Authorizes the commissioner to approve such requests, as
specified, and clarifies that the commissioner may require a
licensee granted such approval to increase its surety bond or
amount of eligible securities above those required under the
MTA, or impose any additional conditions on the authorization,
as specified.
3)Authorizes a licensee in good standing under the virtual
currency law to apply to the commissioner to convert its
license into a MTA license, as specified.
Background
Definition. Virtual currency, also called digital currency, has
been defined by several different financial authorities. One of
the most comprehensive definitions was developed by the European
Banking Authority (EBA) in 2014. In its Opinion on Virtual
Currencies, issued July 4, 2014, the EBA defined virtual
currency as "a digital representation of value that is neither
issued by a central bank or a public authority, nor necessarily
attached to a fiat currency, but is accepted by natural or legal
persons as a means of payment and can be transferred, stored or
traded electronically"
(http://www.eba.europa.eu/documents/10180/657547/EBA-Op-2014-08+O
pinion+on+Virtual+Currencies.pdf).
Bitcoin is perhaps the most well-known among virtual currencies,
but other virtual currencies exist, including Ripple, Stellar,
Litecoin, Darkcoin, Peercoin, Primecoin, Dogecoin, and others.

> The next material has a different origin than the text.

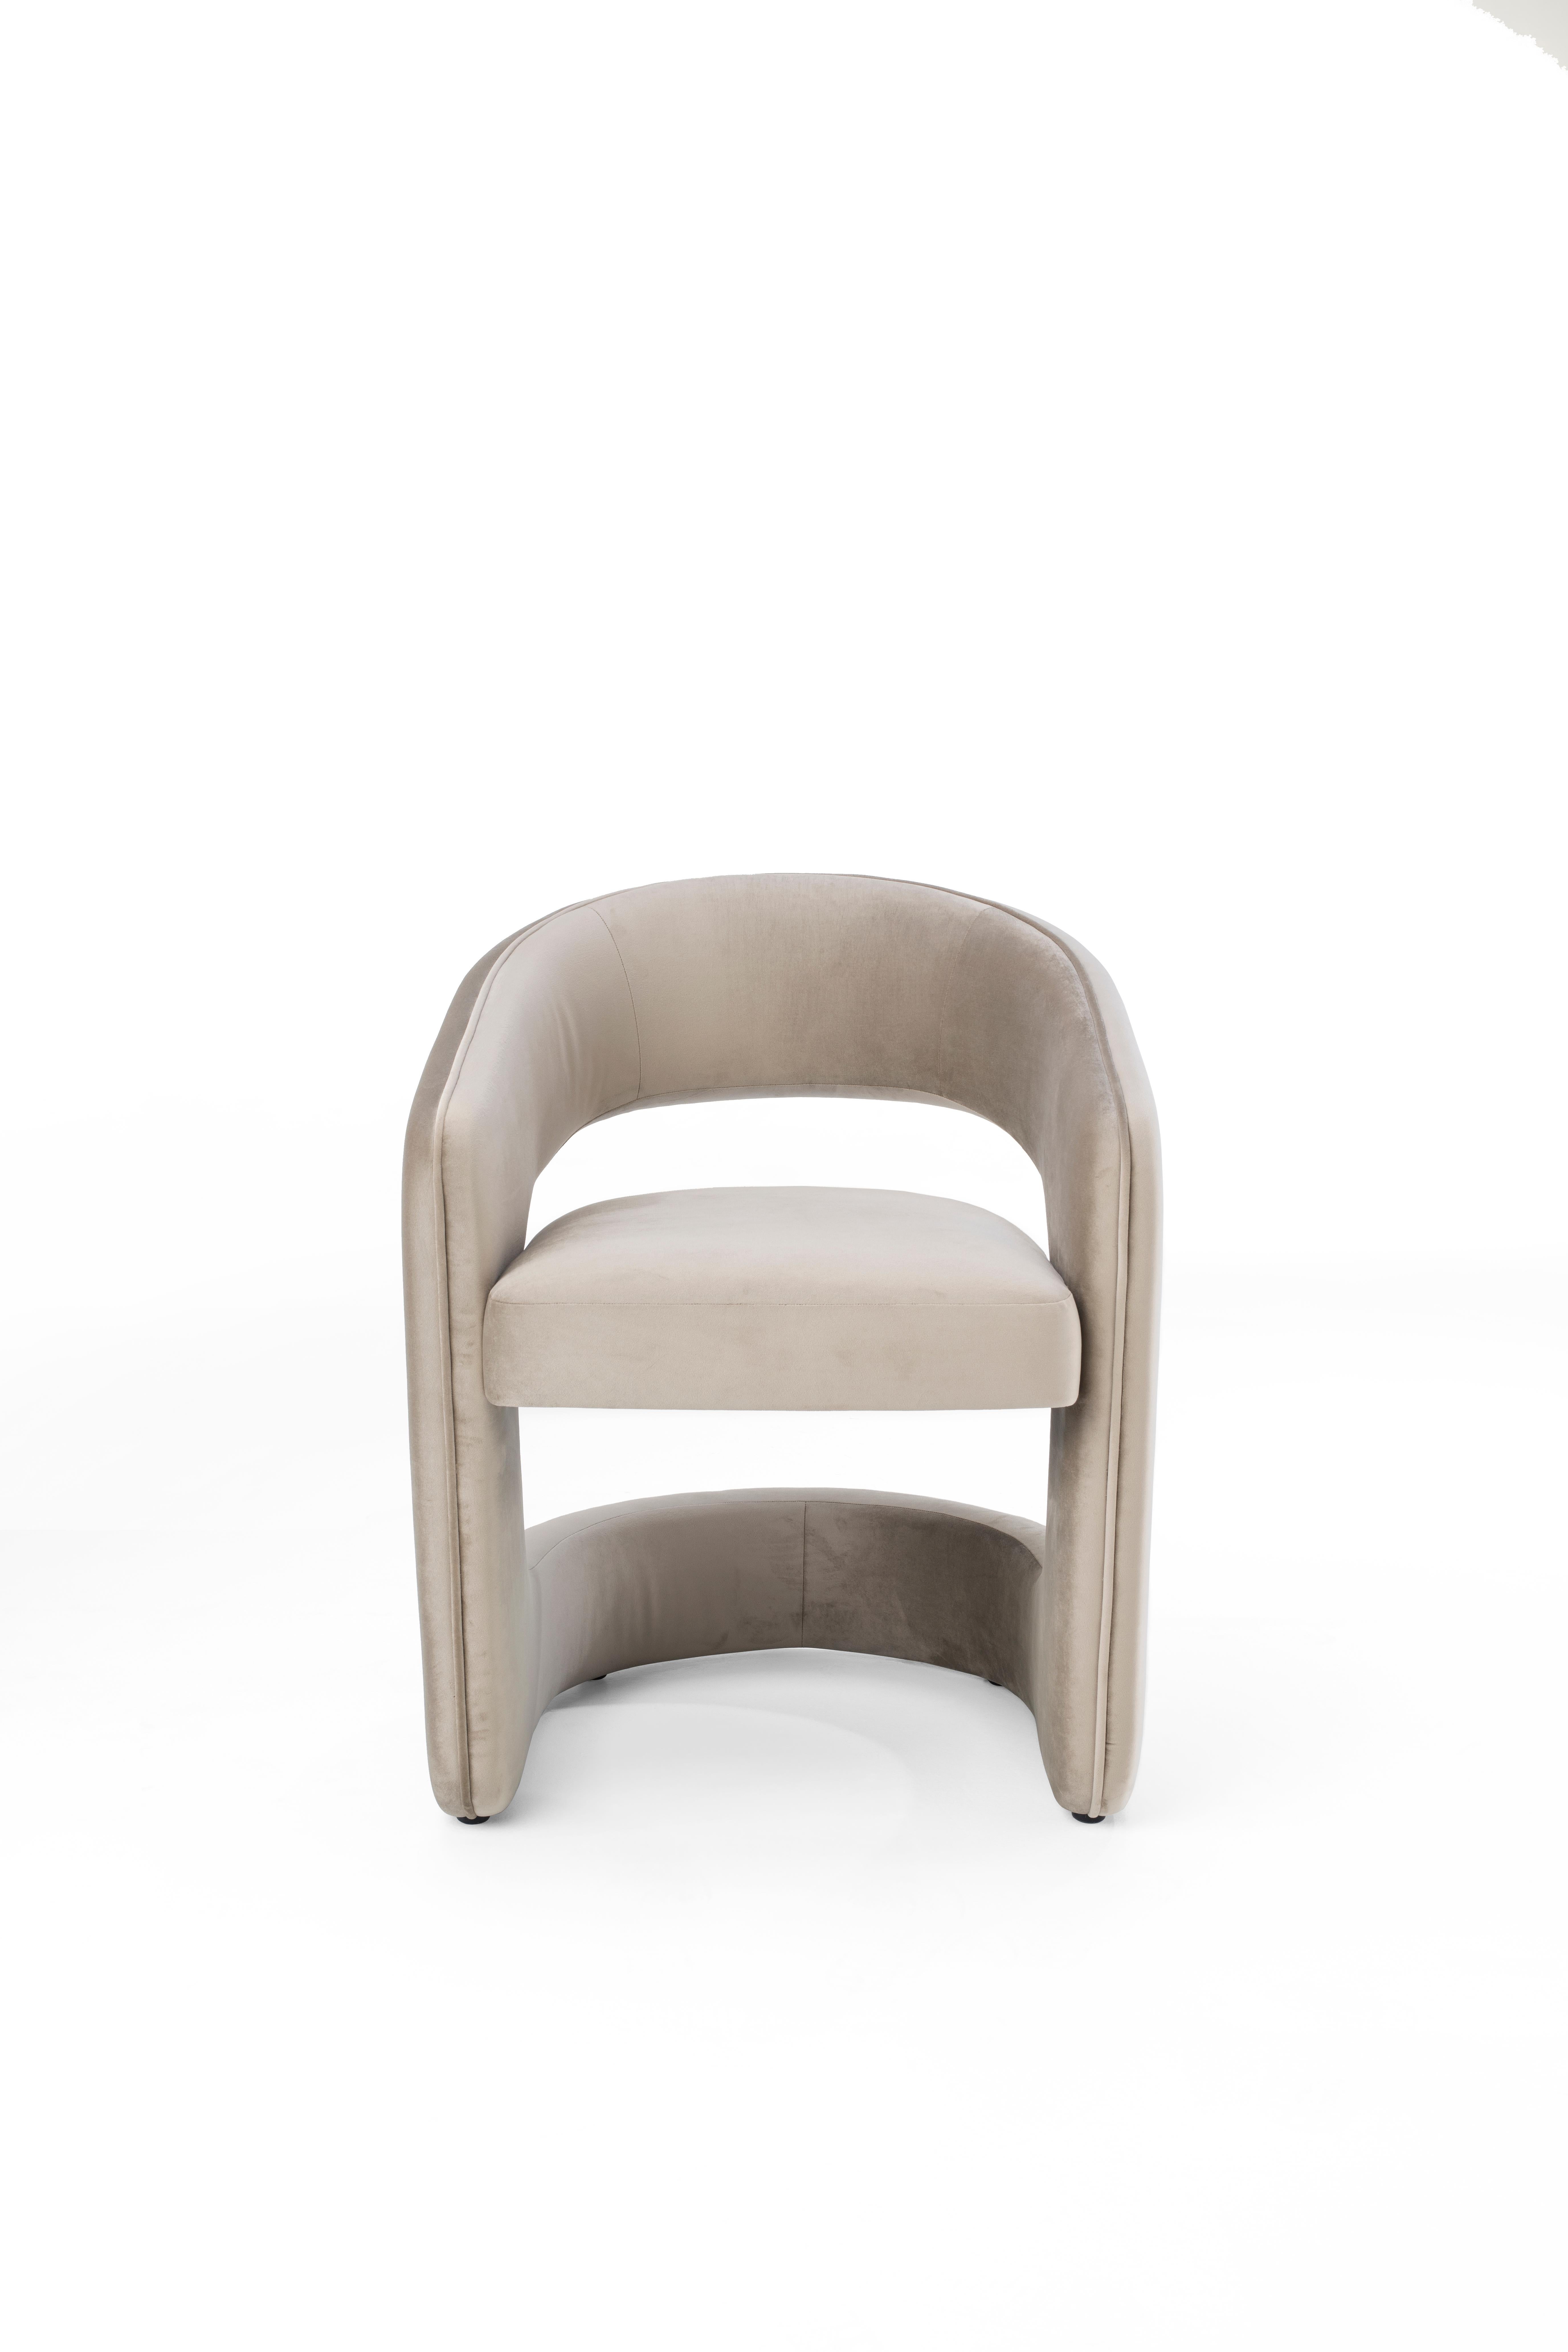 Le dossier incurvé proéminent confère à cette chaise de taille généreuse son design moderne et en fait la pièce d'appoint idéale pour tous ceux qui recherchent le summum du style sans lésiner sur le confort.
Entièrement revêtue de tissu ou de cuir

Increasing numbers of companies are offering services that
support the use of virtual currencies (e.g., Coinbase, Circle,
BitGo, Bitnet, Blockstream, Chain.com, Gem, Mirror, Xapo, and
others). This bill establishes a regulatory framework intended
to cover certain companies that offer services which support the
use of virtual currencies; it does not purport to regulate the
developers of existing or new virtual currencies.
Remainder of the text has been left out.